In The New 52 continuity reboot, Captain Nazi was genetically engineered to serve in Adolf Hitler's aerospace program. Vandal Savage successfully convinces the Third Reich to build a rocket that Captain Nazi will use to pilot himself and Savage into outer space to collect a larger sample of the meteor that gave Savage his powers. When the ship faces turbulence, Captain Nazi opts to land instead of going forward with the mission. After a crash landing, Savage beats Captain Nazi, though he survives.

==Powers and abilities==
The experiment that gave Captain Nazi his powers had given him super-strength, super-speed, enhanced stamina, invulnerability, enhanced senses, and flight.

The post-Crisis version of Captain Nazi is an expert at hand-to-hand combat. He claims to have been trained by Adolf Hitler.

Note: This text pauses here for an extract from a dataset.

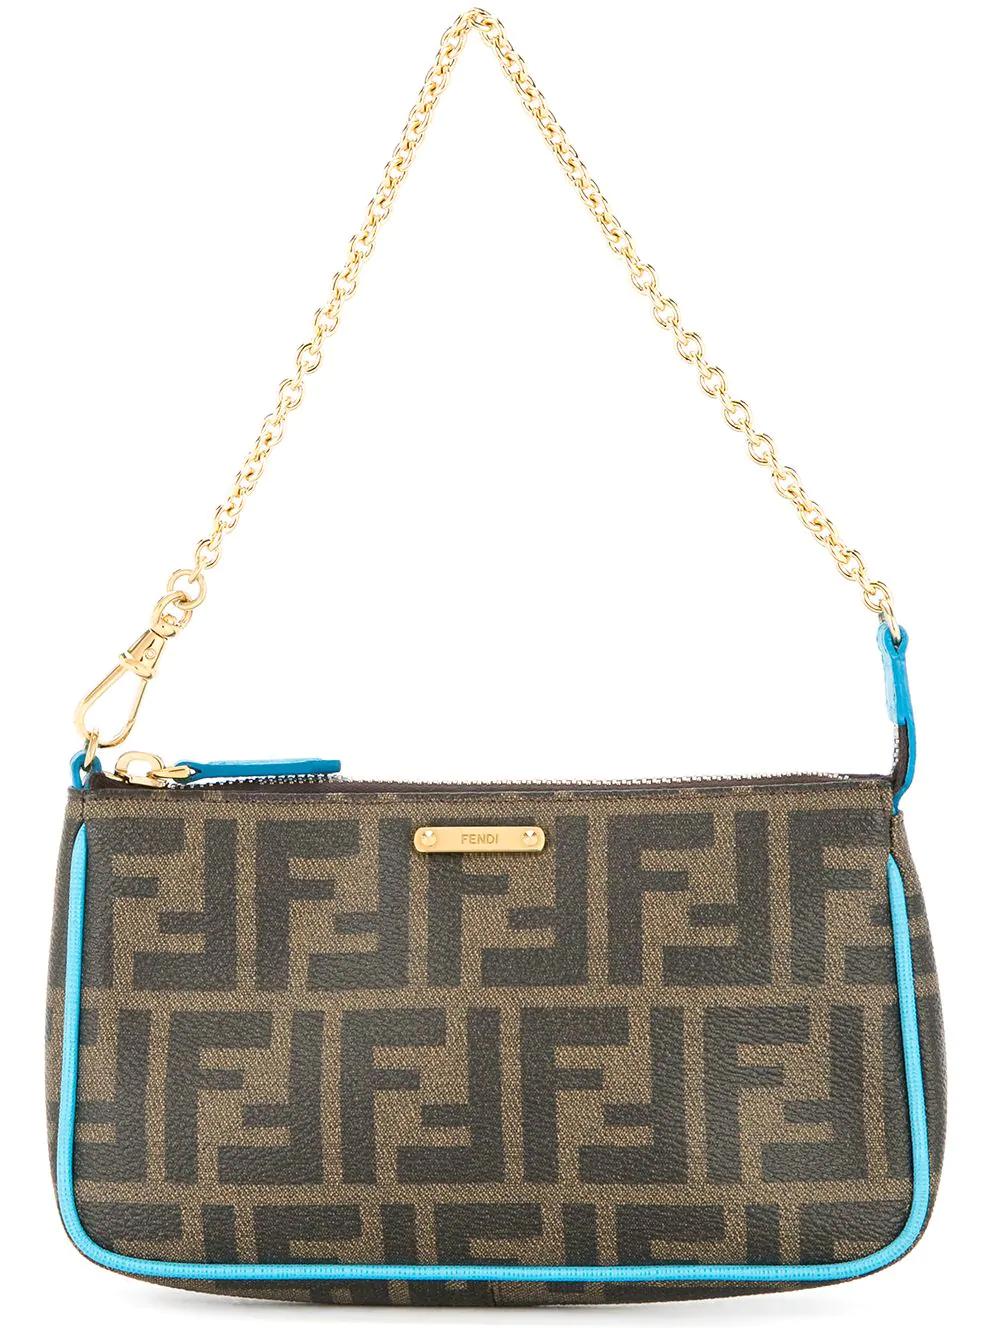 4b35f40c055 Fendi Vintage Zucca Pattern Chain Hand Bag - Brown | ModeSens

The New 52 version of Captain Nazi possesses aviation control skills and military protocol skills.

===Equipment===
Captain Nazi wields a modified Luger pistol.

==Other versions==
An alternate universe version of Captain Nazi who became a member of H.I.V.E. appears in Flashpoint.

==In other media==
- Albrecht Krieger makes a non-speaking appearance in a flashback depicted in the Justice League Unlimited episode "Patriot Act". He volunteers to be injected with an unstable super-soldier serum as part of "Project Captain Nazi", but the operation is thwarted by Spy Smasher.
- Albrecht Krieger appears in the Legends of Tomorrow episode "The Justice Society of America", portrayed by André Eriksen. This version is an ally of Eobard Thawne who uses a bio-molecular enhancer that the latter created to transform into a monstrous, self-proclaimed "Übermensch".